Monday, July 22, 2013

Where Is The Little Tricycle?

Where is the little tricycle, the one that I would ride on, making laps unceasingly as my grandfather encouraged what I imagined was my fierce grownup athleticism while my newly minted self-esteem ballooned? My vigor knew no bounds and no conception of weariness troubled my supposedly endless days of play.  And what of the soft corduroy cap upon my dirty-blonde head, a black and white one with ear flaps and perceived as one worn by a motorcycle policeman?  How about the wooden milkbox, the one our family kept just outside and beside the screen door of the front door of our house?  My little tricycle would skirt it as I furiously pedaled on the vehicle in the circular route designed by Grandpa's theatrically inclined mind.
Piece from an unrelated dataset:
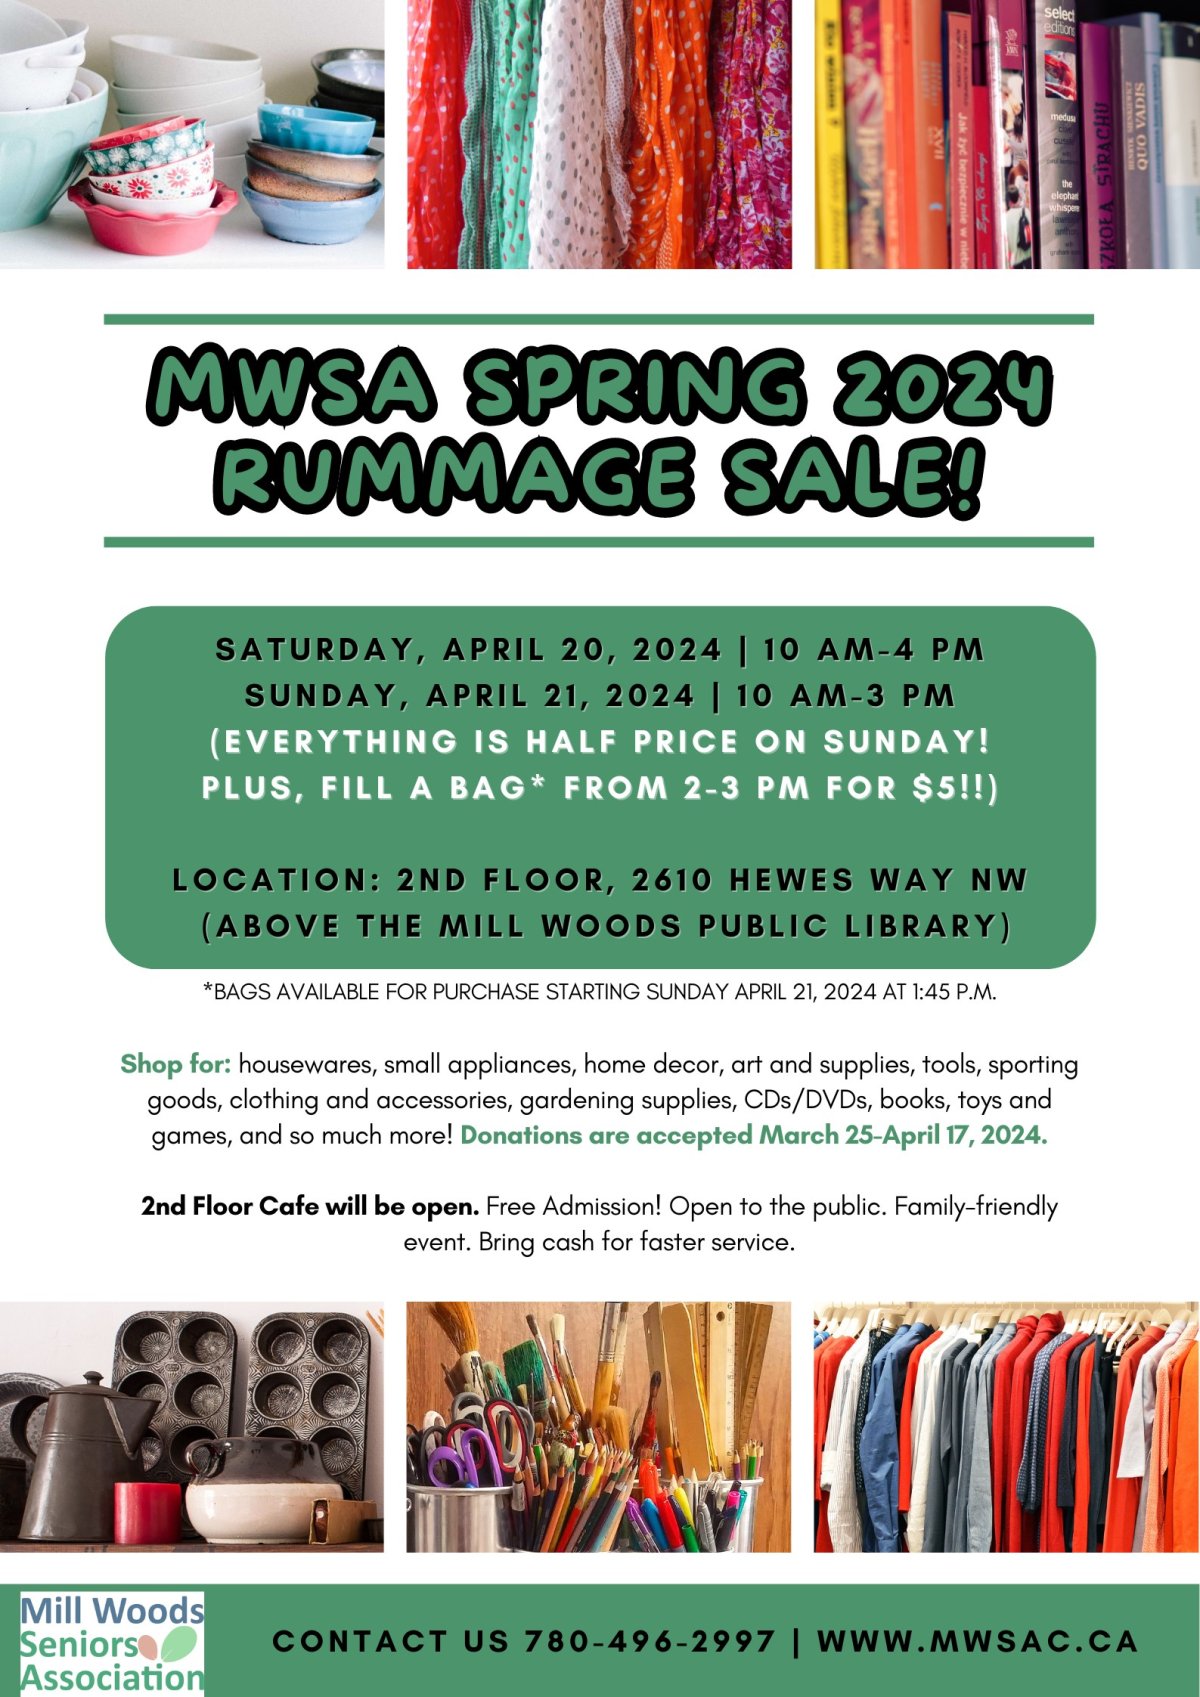 Mill Woods Seniors Association Spring Rummage Sale - image

No doubt he fancied himself the master choreographer of this tiny one "man" palio that his beloved grandchild could not fail to triumph in, immune to the effects of its dizzying demands for relentless rotations because of youth's insuperable vivacity. The then fairly fresh concrete of five sumer's past that covered the space between our modest attached brick house and the public sidewalk and upon which my tiny rubber tires tread: where is it? It's still there, but darkened and eroded, silently telling of so many winters, springs, summers and falls that have pounded it with impunity. Well, these objects, even if magically stored away in an attic or carelessly stashed somewhere, dry and dark, are really no more, if the spark of life given to them by their now profoundly changed human owners or borrowers are gone. Grandpa's voice, whether the happy, hortatory one on that long ago July afternoon or the one gurgling its last utterances in a mishmash of memories, is long stilled. My joyous shrieks of affirmation while immersed in the very serious business of fun are gone too, of course. What is not gone are later, other tricycles, other cries of the juvenile gaiety of their owners, other grizzled throats of encouraging shouts of other summers owned or borrowed by other lovers of life. They're not gone, because they never were.